● WHAT TO DO:
Leave the pictures out, and transcribe the material below exactly from the line with "Джек лондон любовь" to the line with "DeLuca & Associates", both lines included.

● SUPPLIED MATERIAL:
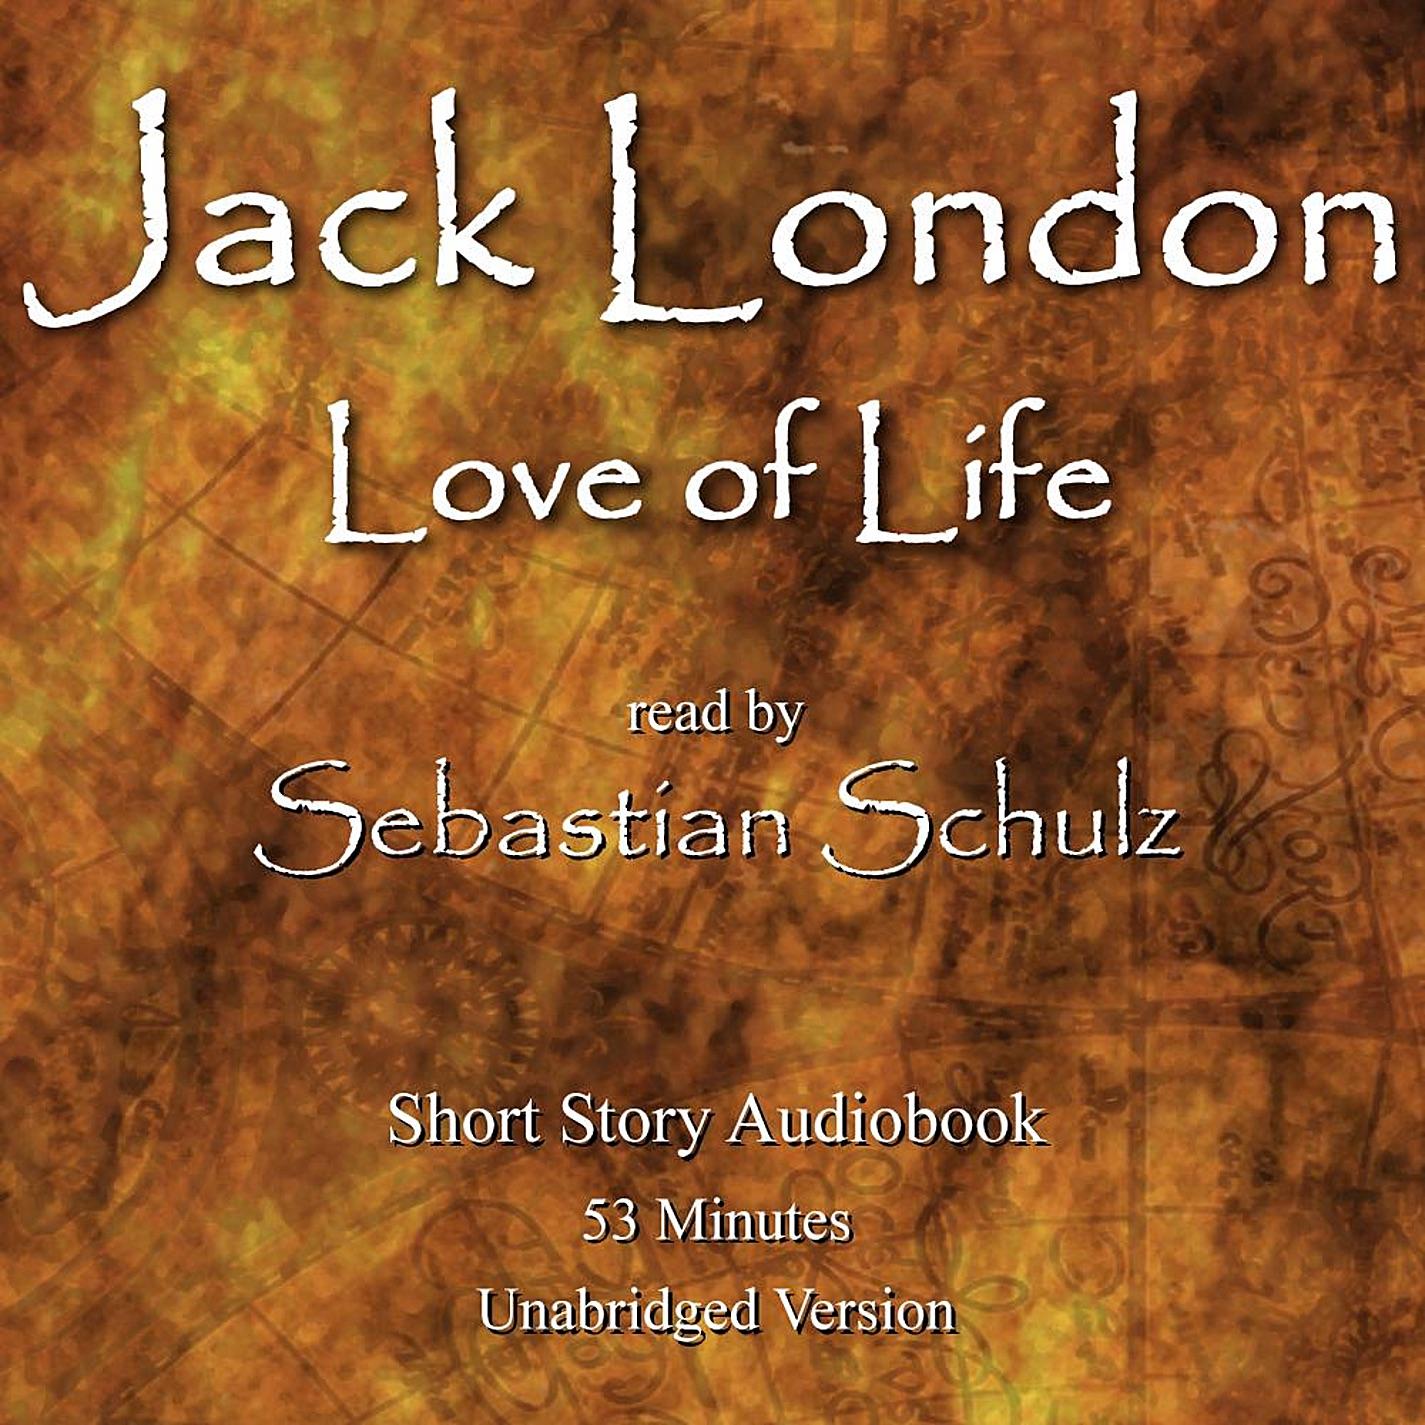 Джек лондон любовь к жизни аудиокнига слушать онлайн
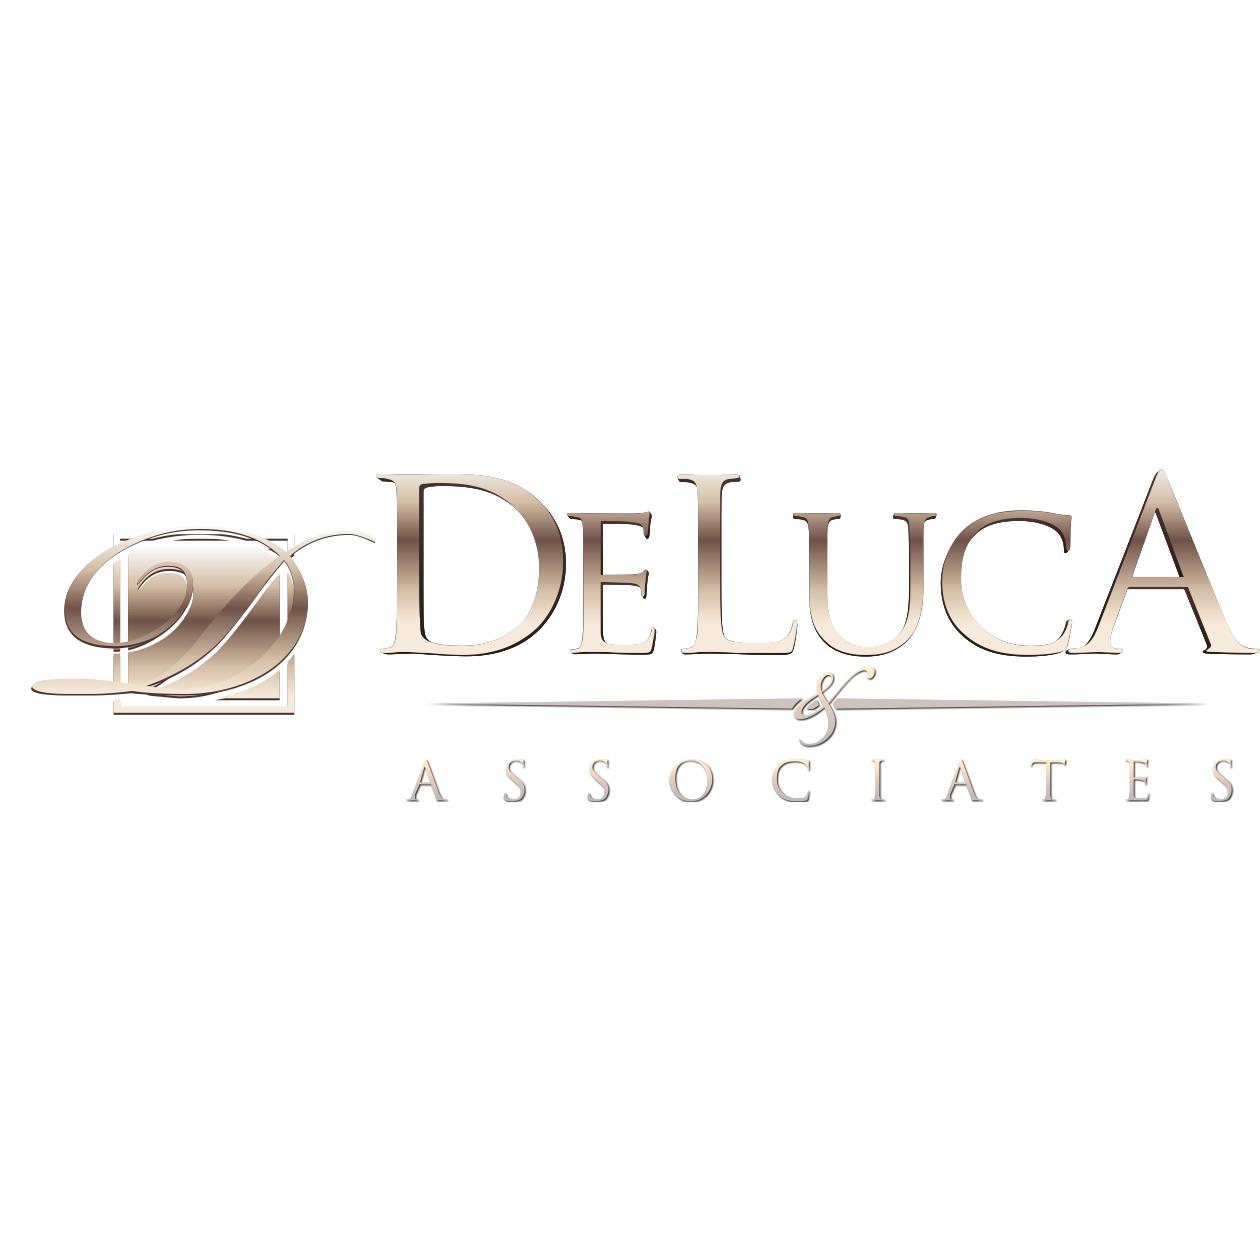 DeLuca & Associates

* * *

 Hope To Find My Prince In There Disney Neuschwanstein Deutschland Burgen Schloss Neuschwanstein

...

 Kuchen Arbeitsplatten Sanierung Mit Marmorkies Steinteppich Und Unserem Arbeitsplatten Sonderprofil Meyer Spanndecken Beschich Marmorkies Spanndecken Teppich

● SOLUTION FOR THIS PROBLEM:
 Джек лондон любовь к жизни аудиокнига слушать онлайн
 DeLuca & Associates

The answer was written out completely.